@ignitionai/backend-tfjs

Single responsibility: provide TF.js implementations of the RL agents (DQN, PPO, Q-Table), plus the concrete IgnitionEnvTFJS that you instantiate in your app. If you’re doing anything other than pure inference, this is the backend you’ll be using.

Source: packages/backend-tfjs/src/ on GitHub.

Install


npm install @ignitionai/core @ignitionai/backend-tfjs

Public API surface

Export	Kind	Purpose
`IgnitionEnvTFJS` (aliased `IgnitionEnv`)	class	Concrete training env with TF.js agent factories pre-registered.
`DQNAgent` / `PPOAgent` / `QTableAgent`	classes	The three algorithm implementations.
`ReplayBuffer`	class	Ring-buffer experience replay.
`buildQNetwork`	function	Sequential MLP builder for Q-value networks.
`setBackend` / `getAvailableBackends`	functions	TF.js backend control.
`DQNConfig` / `PPOConfig` / `QTableConfig`	types	Config shapes for each algorithm.
`DQNConfigSchema` / `PPOConfigSchema` / `QTableConfigSchema`	Zod schemas	Runtime validation for the configs.
`DQN_DEFAULTS` / `PPO_DEFAULTS` / `QTABLE_DEFAULTS` / `ALGORITHM_DEFAULTS`	constants	Merged defaults used when you omit a config.
`TFBackend`	type	String literal union for backend names.

The `IgnitionEnvTFJS` class — a 30-line plugin on top of `core`

This is the single file that wires TensorFlow.js into the core training loop:

packages/backend-tfjs/src/ignition-env-tfjs.ts


import { IgnitionEnv, type TrainingEnv, type AgentFactory } from '@ignitionai/core'
import { DQNAgent } from './agents/dqn'
import { PPOAgent } from './agents/ppo'
import { QTableAgent } from './agents/qtable'
import { ALGORITHM_DEFAULTS } from './defaults'
 
const FACTORIES: Record<string, AgentFactory> = {
  dqn: (config) => new DQNAgent(config as unknown as DQNConfig),
  ppo: (config) => new PPOAgent(config as unknown as PPOConfig),
  qtable: (config) => new QTableAgent(config as unknown as QTableConfig),
}
 
export class IgnitionEnvTFJS extends IgnitionEnv {
  constructor(env: TrainingEnv) {
    super(env)
    this.factories = { ...FACTORIES }
    this.algorithmDefaults = { ...ALGORITHM_DEFAULTS }
  }
}

That’s the whole file.
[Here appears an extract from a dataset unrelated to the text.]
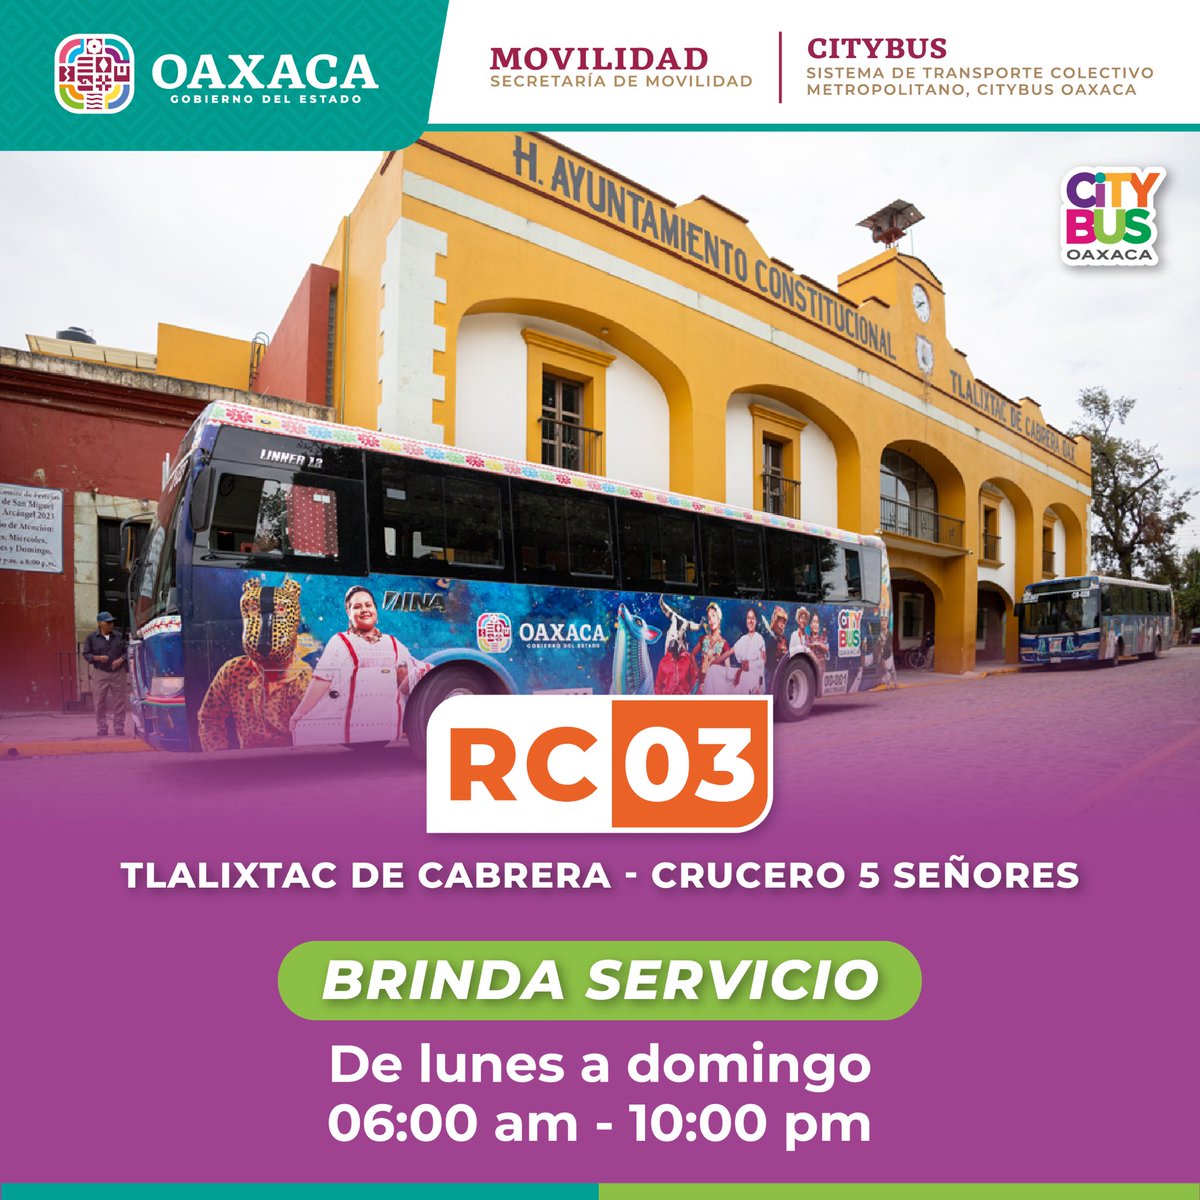 Nuestra ruta RC03 ha mejorado la movilidad para cientos de personas usuarias de la zona Metropolitana de Oaxaca. Conoce sus días y horarios de operación. 

#ViajaConNosotros

It does two things:

Extends the base IgnitionEnv from core.
Registers three agent factories and their defaults.

When you later call env.train('dqn'), core looks up this.factories['dqn'], calls it with the merged config, and gets back a DQNAgent instance — without ever importing TF.js into the core package. This is the clean dependency inversion: core defines the AgentInterface contract, and backend-tfjs fulfills it.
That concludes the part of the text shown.